§ ACTIVITY
An exact, complete printout of the listing is wanted, minus its images.

§ GIVEN MATERIAL

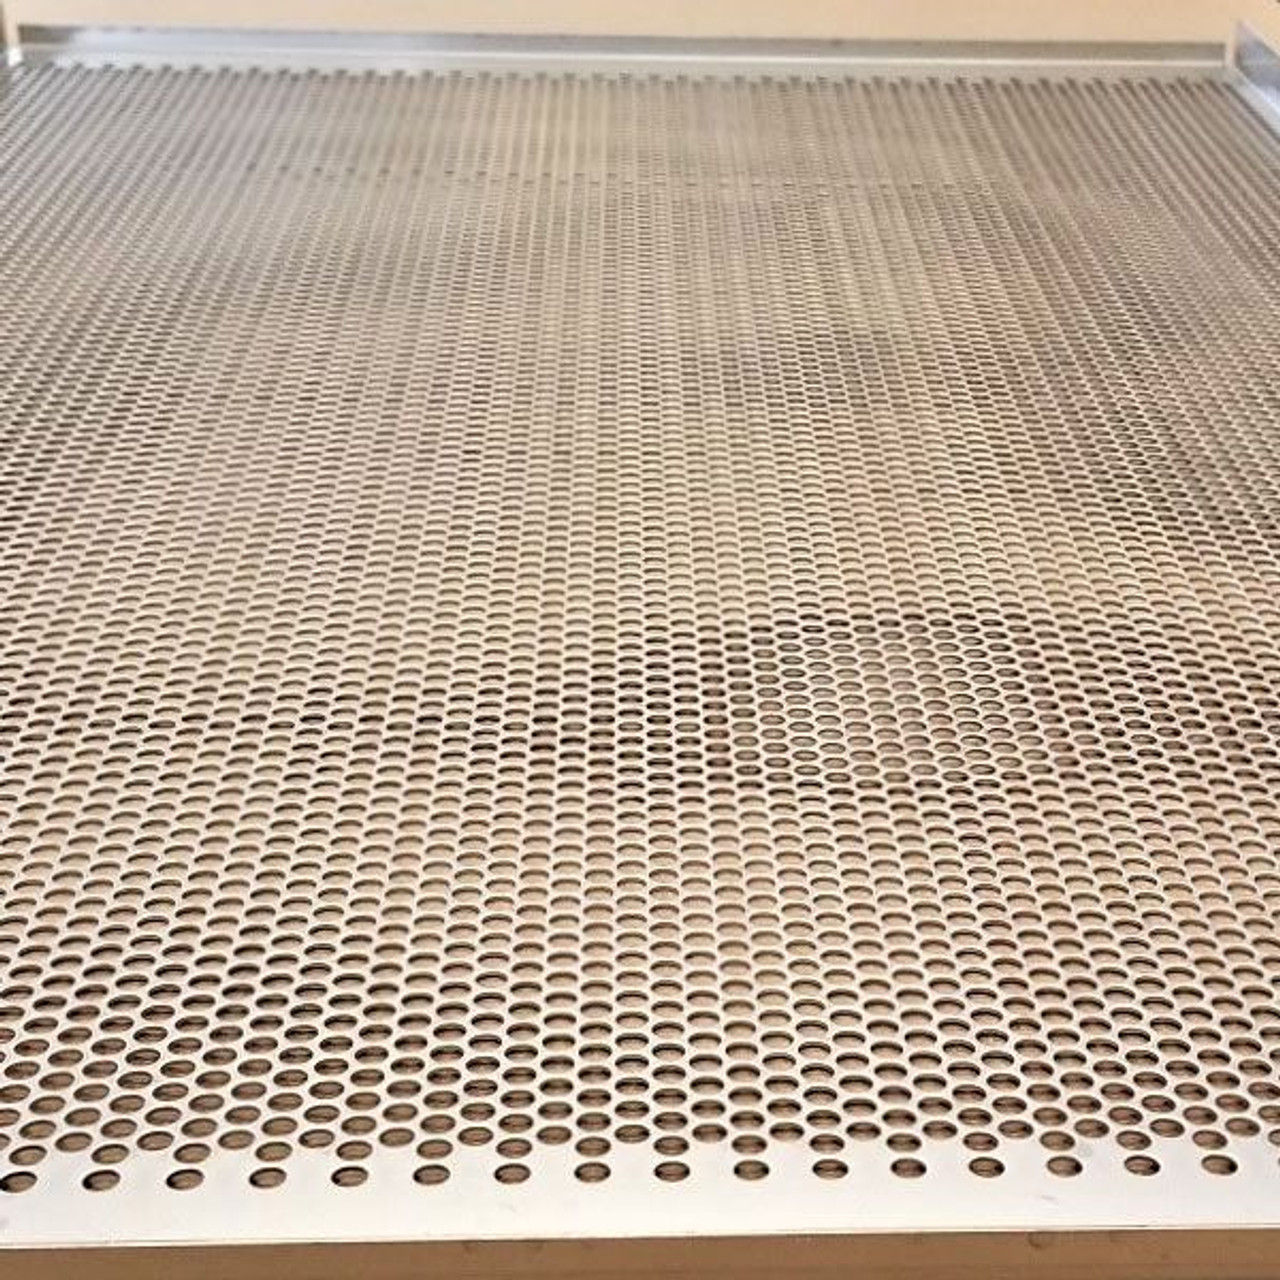 Dehydrator Resource: Perforated Stainless Steel Dehydrator Drying
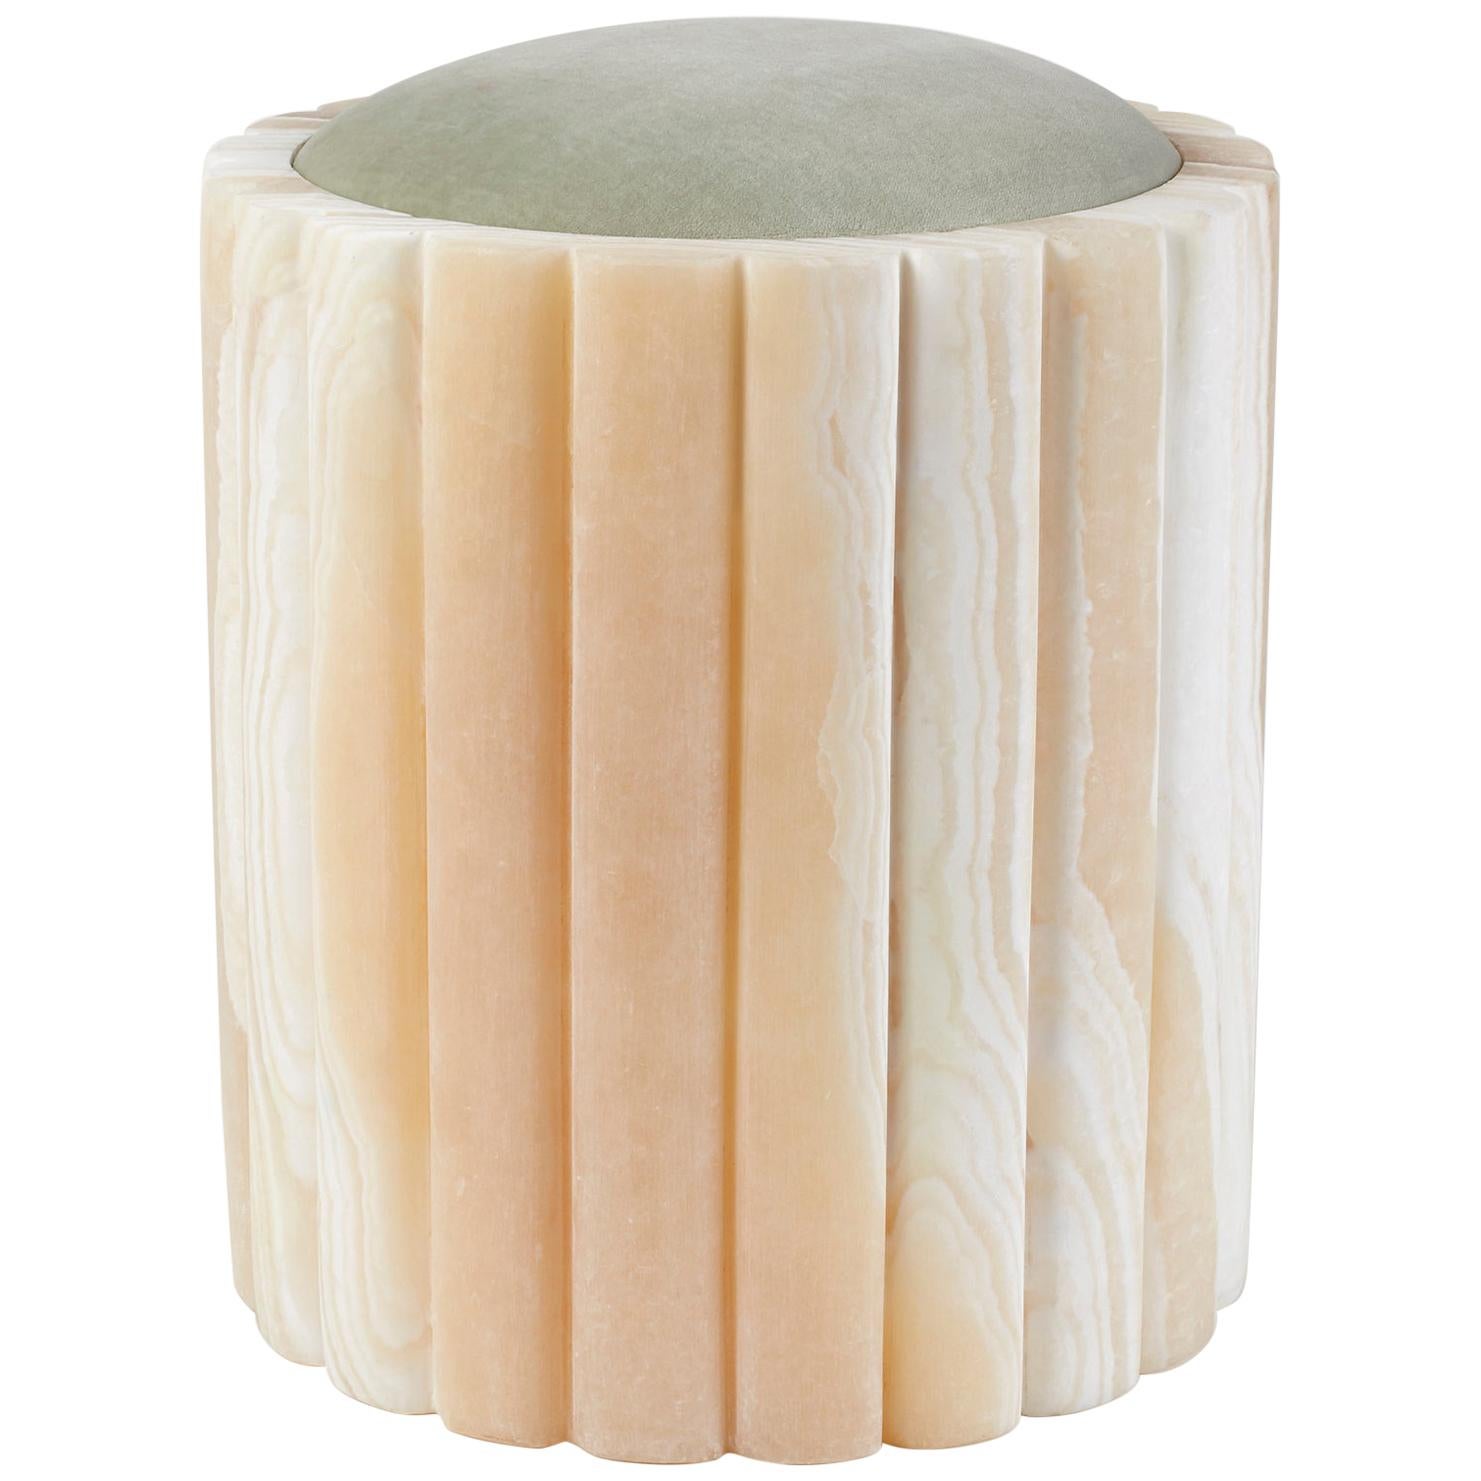 Marguerite Alabaster Stool Sculpted by Omar Chakil
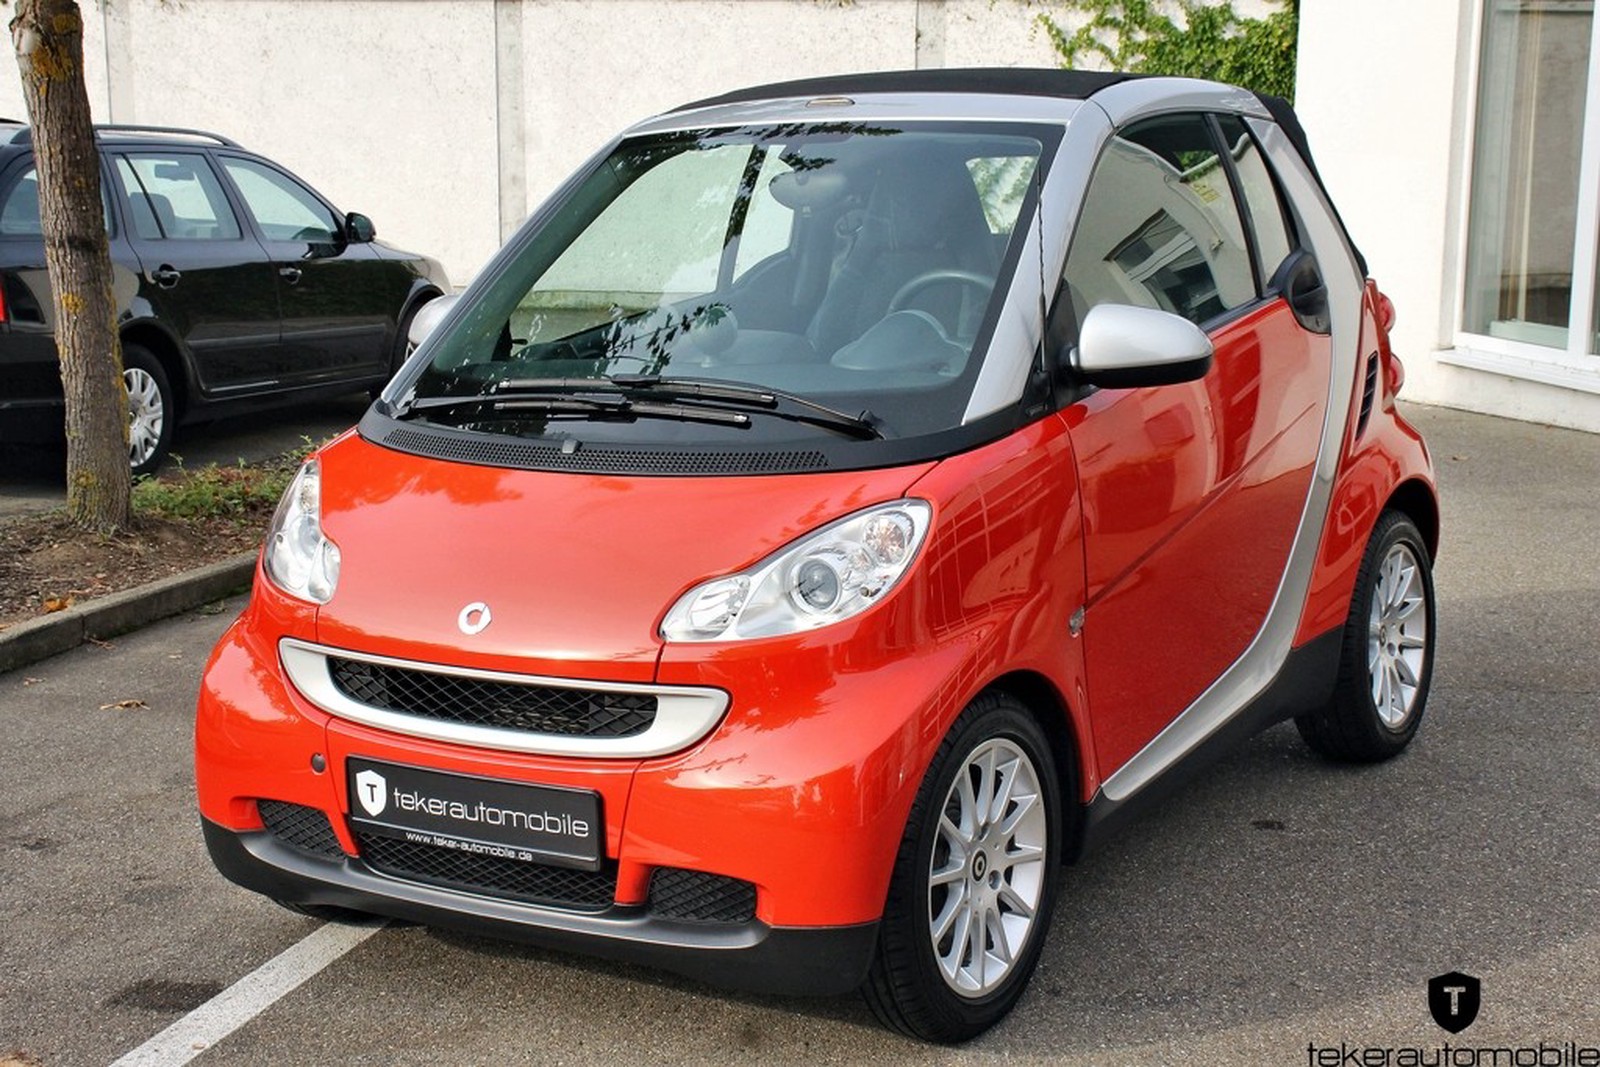 Smart ForTwo Fortwo Cabrio Passion gebraucht kaufen in N 252 rtingen Preis 5990 eur Int Nr 521

§ SOLUTION FOR THIS PROBLEM
 Dehydrator Resource: Perforated Stainless Steel Dehydrator Drying
 Marguerite Alabaster Stool Sculpted by Omar Chakil
 Smart ForTwo Fortwo Cabrio Passion gebraucht kaufen in N 252 rtingen Preis 5990 eur Int Nr 521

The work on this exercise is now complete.